地域子育て支援センターについては、子育て世代が多く居住し、市民ニーズが高い北部地域での開設が必要になるため、塩田町にある保健福祉センター南側1階部分を改修し、子育て世代包括支援センターを併設した「(仮称)北部地域子育て支援センター」の設計に着手し、令和4年度の開設を目指します。
また、子育て世帯の経済的な負担を軽減するため、新たに中学生までの年齢の子どもさんのインフルエンザ予防接種費用について、年齢に応じて年間2回まで、1回につき1、000円の費用を一部助成する制度を、本年10月から実施する予定です。
新図書館西敷地利活用事業
次に、新図書館西敷地利活用事業について申し上げます。
昨年度実施した、各種団体の皆様との意見交換会や、アンケート調査でいただいたご意見やご提案の内容については、議会にもご報告を申し上げ、ご意見をいただいたところです。
今後のスケジュールとしては、庁内検討では十分なニーズの把握が難しい市場性の有無や、民間事業者からのアイデア等を聴取するため、本年7月から8月にかけて、民間事業者等と直接対話を行うサウンディング型市場調査を実施する予定です。
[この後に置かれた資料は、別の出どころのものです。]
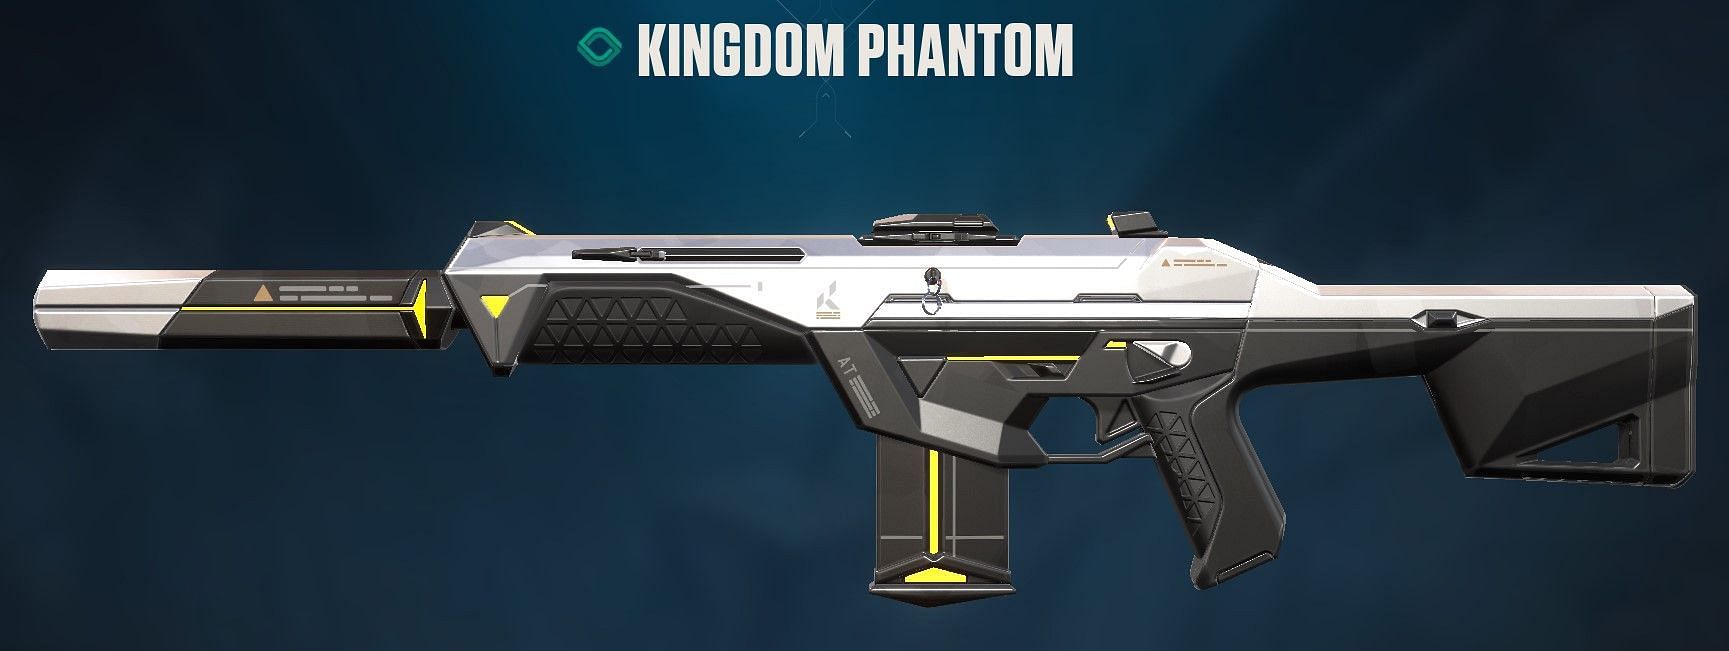 Kingdom Phantom (Image via Riot Games)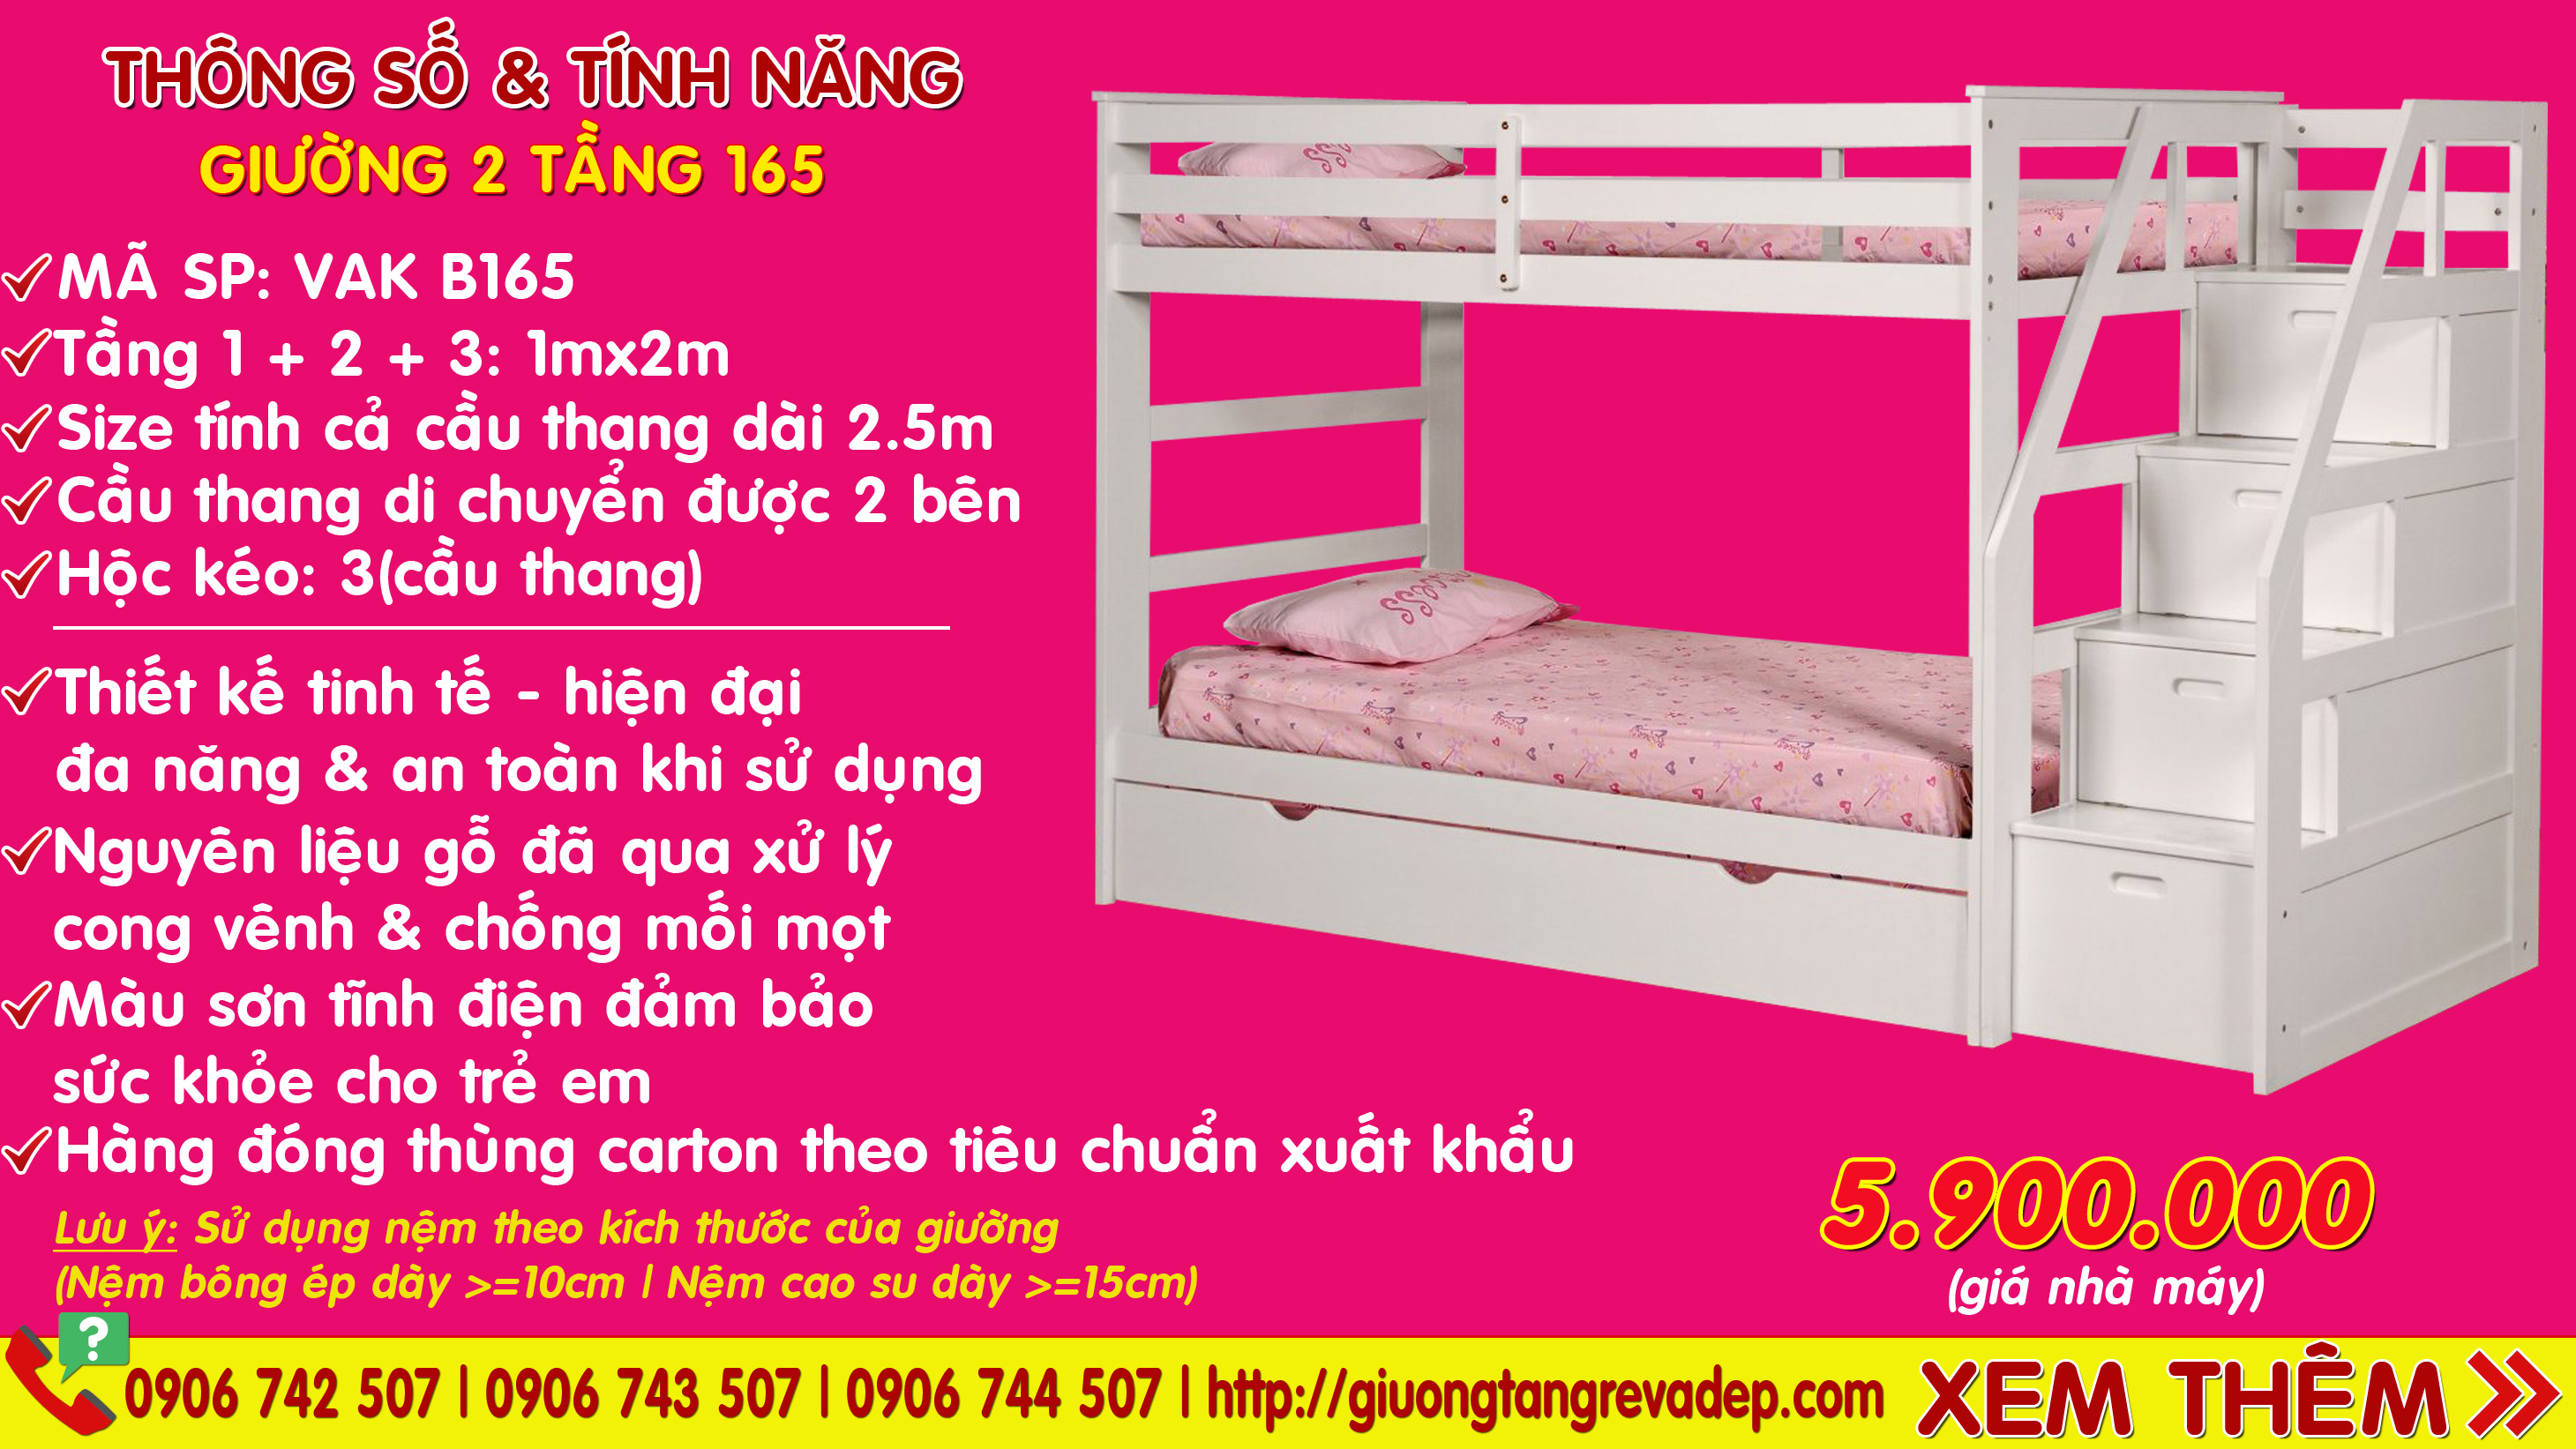 Địa điểm bán giường 3 tầng trẻ em 165 giá rẻ nhất tại QUẬN 4 - TPHCM

この調査を通じて、民間事業者の意向の把握や、参入意欲の向上につながるものと考えており、調査実施後は、その結果等を踏まえ、新図書館西敷地の事業実施方針や募集要領の案を作成し、議会からのご意見もいただき、令和2年度中には、公募型プロポーザルによる事業者の募集に向けた準備を進めてまいります。
新年度に向けて
最後になりますが、新型コロナウイルス感染症の発生もありまして、厳しい対応を余儀なくされる状況が懸念されます。
幹部職員をはじめ、職員の皆様には、本日から新たな体制で、重要課題に取り組んでいただくことになります。
十分に期待に応えていただけるものと思っておりますし、活躍を期待しております。
また、昨日の年度末を持ちまして、三期12年の間市政発展のために、ご活躍をいただきました吉岡章副市長が退任されました。
これまでのご活躍に深く感謝を申し上げます。
当面、中澤副市長1名の体制となりますが、できるだけ早く後任の副市長の選任をしたいと考えており、本年6月議会での提案をめざし、調整してまいります。
今年度は、総合計画の改定に向けた重要な年度になりますので、新型コロナウイルス感染症対策をはじめとする、防災・減災対策、人口減少対策、地域共生社会の実現、地域活性化などのそれぞれの政策課題について、各部局が共通認識を持ち、課題に積極的に取り組み、大いに力を発揮いただくことをお願い申し上げ、新年度のスタートにあたってのあいさつといたします。
本年度もよろしくお願いいたします。